Material provided:
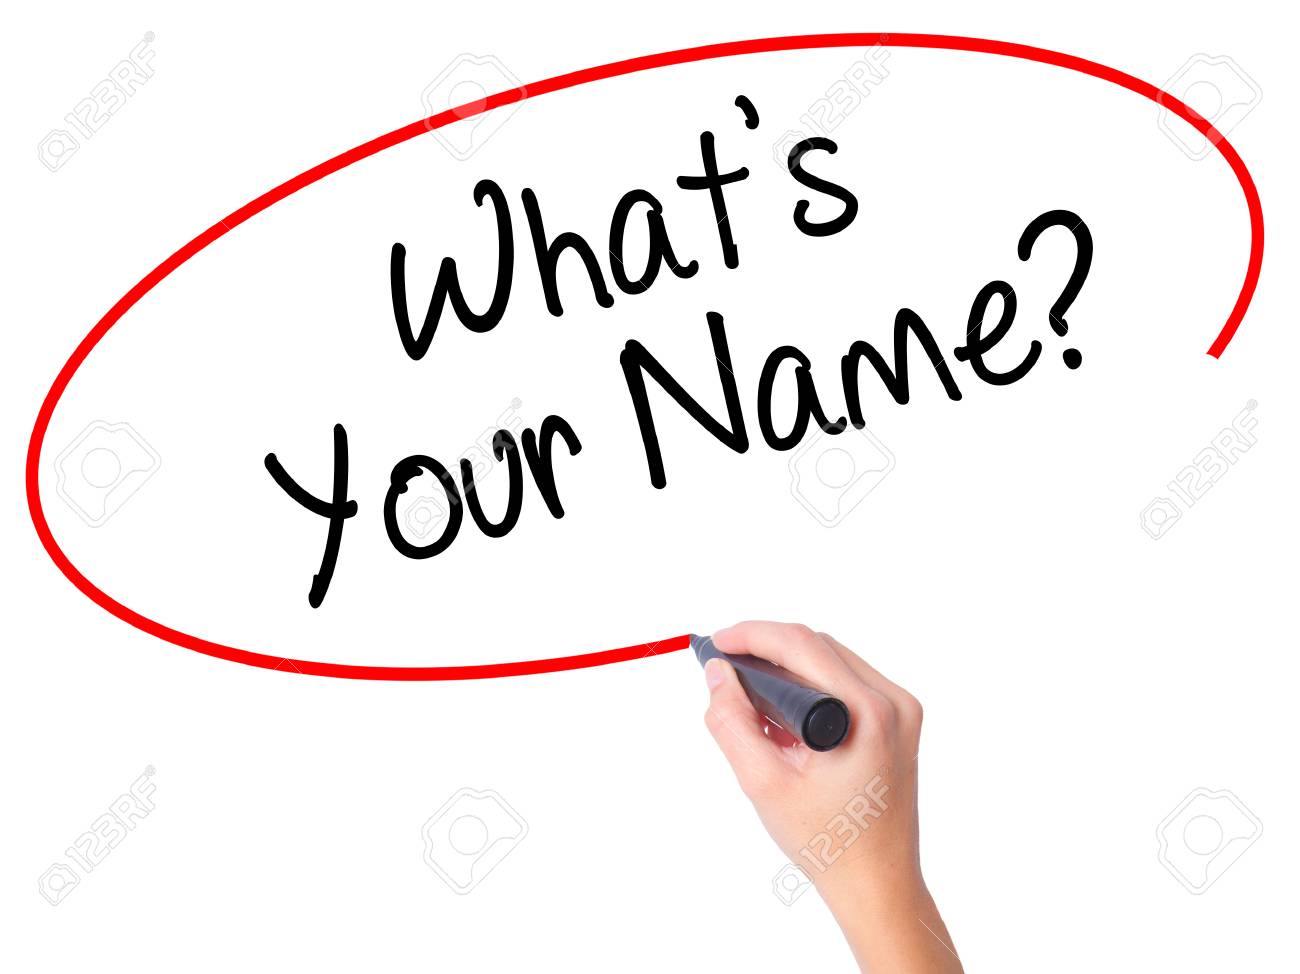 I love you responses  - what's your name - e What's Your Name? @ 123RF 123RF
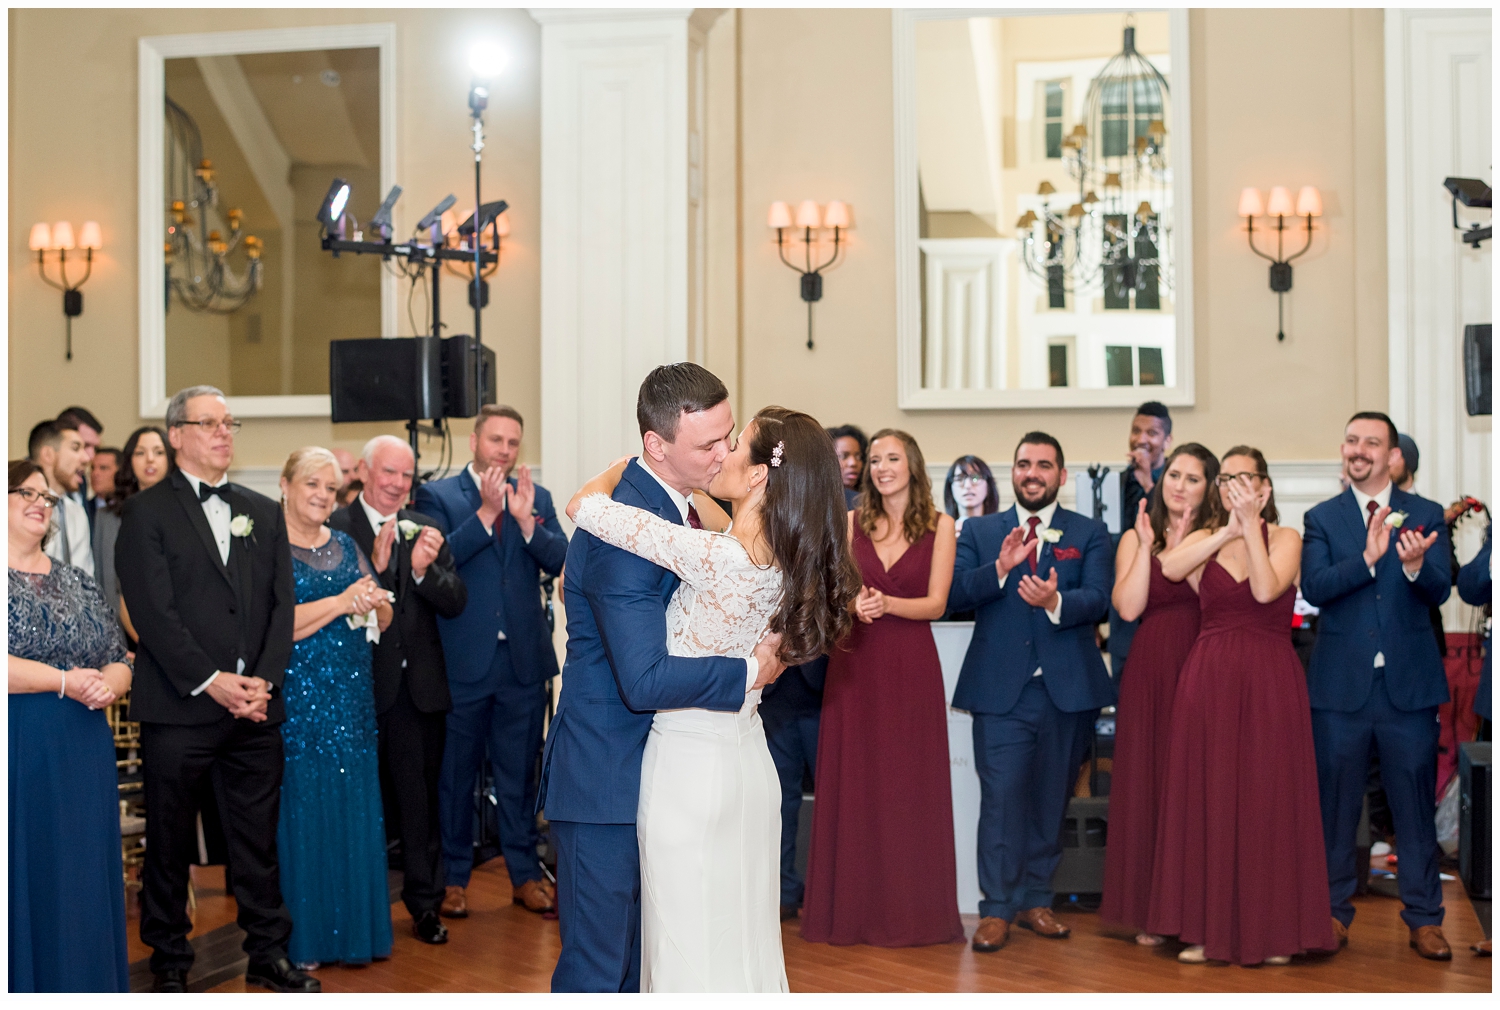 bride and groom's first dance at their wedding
* * *
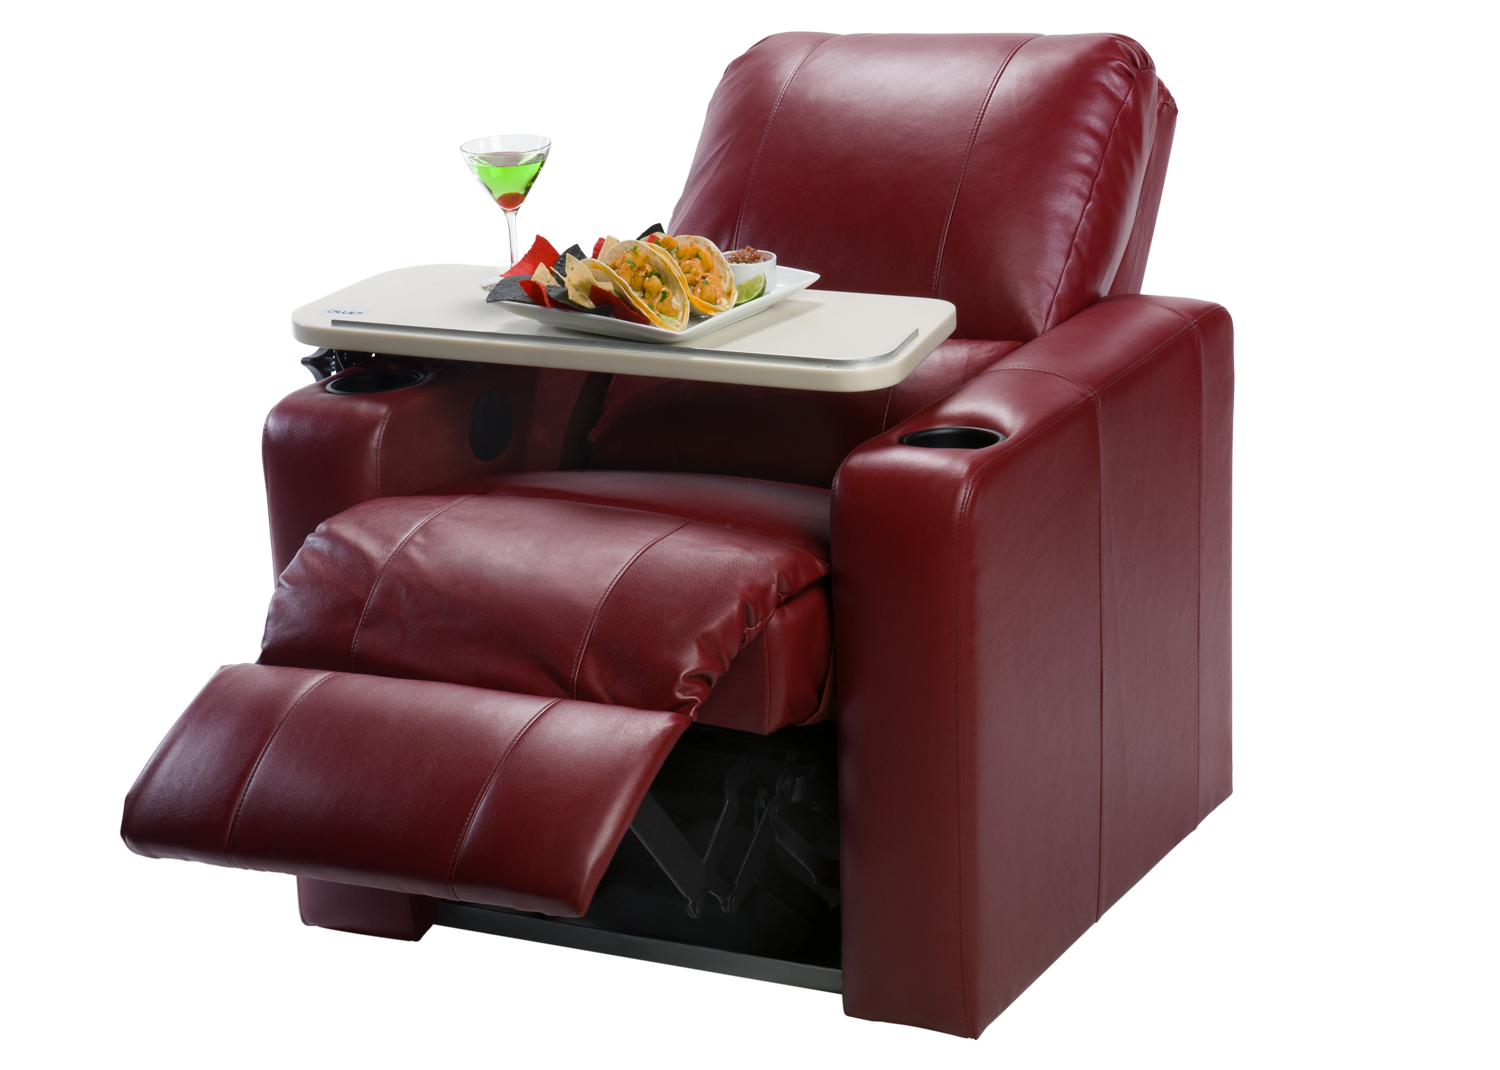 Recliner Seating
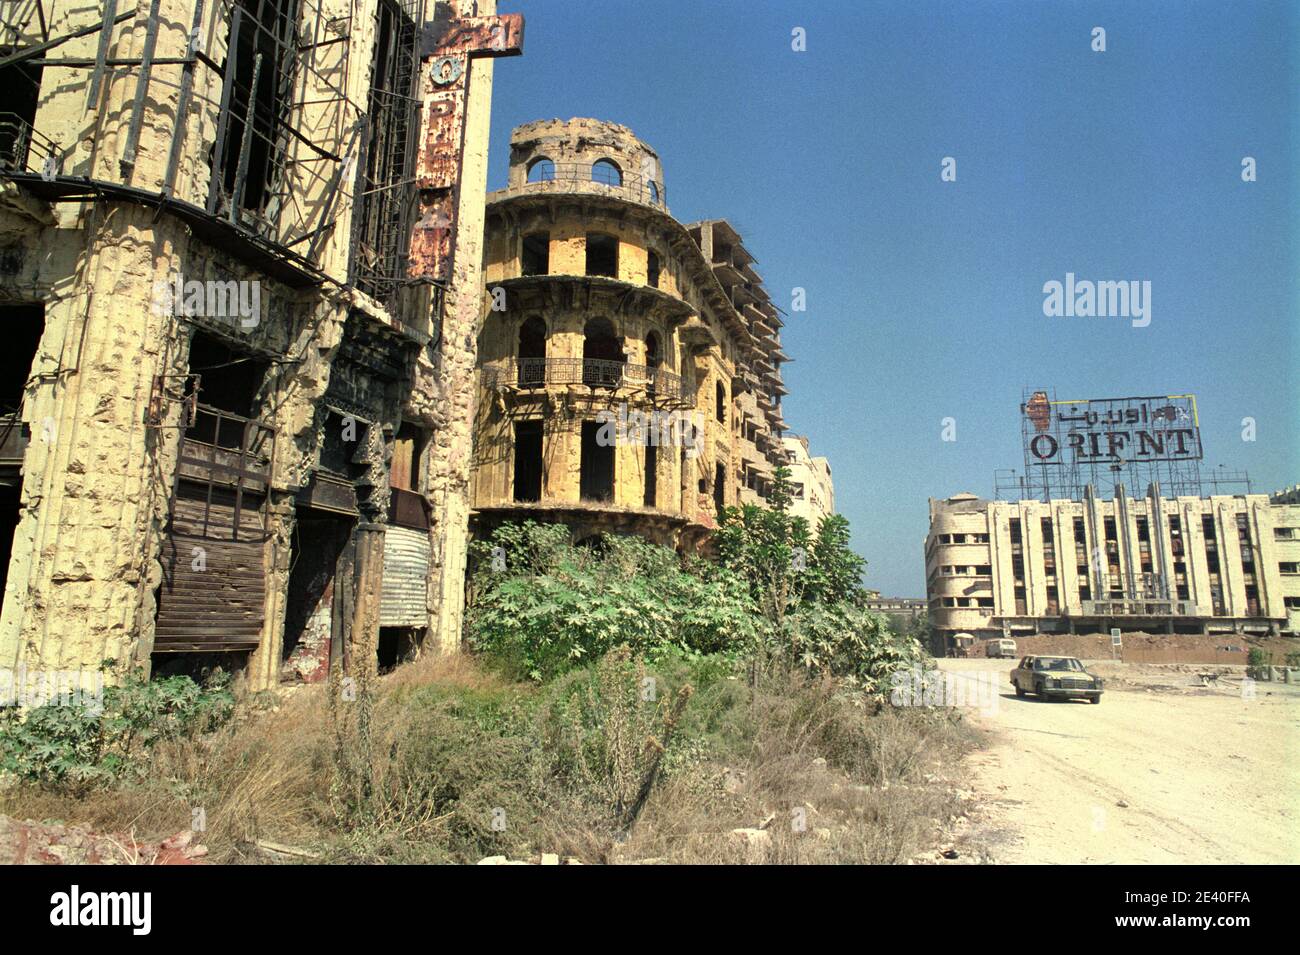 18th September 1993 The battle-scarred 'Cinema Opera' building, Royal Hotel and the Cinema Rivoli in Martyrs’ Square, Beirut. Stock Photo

What to do:
Could you transcribe exactly the entries above, but only the lines from the one with "I love you responses" through the one with "bride and groom's", and without pictures?

Solution for this problem:
 I love you responses  - what's your name - e What's Your Name? @ 123RF 123RF
 bride and groom's first dance at their wedding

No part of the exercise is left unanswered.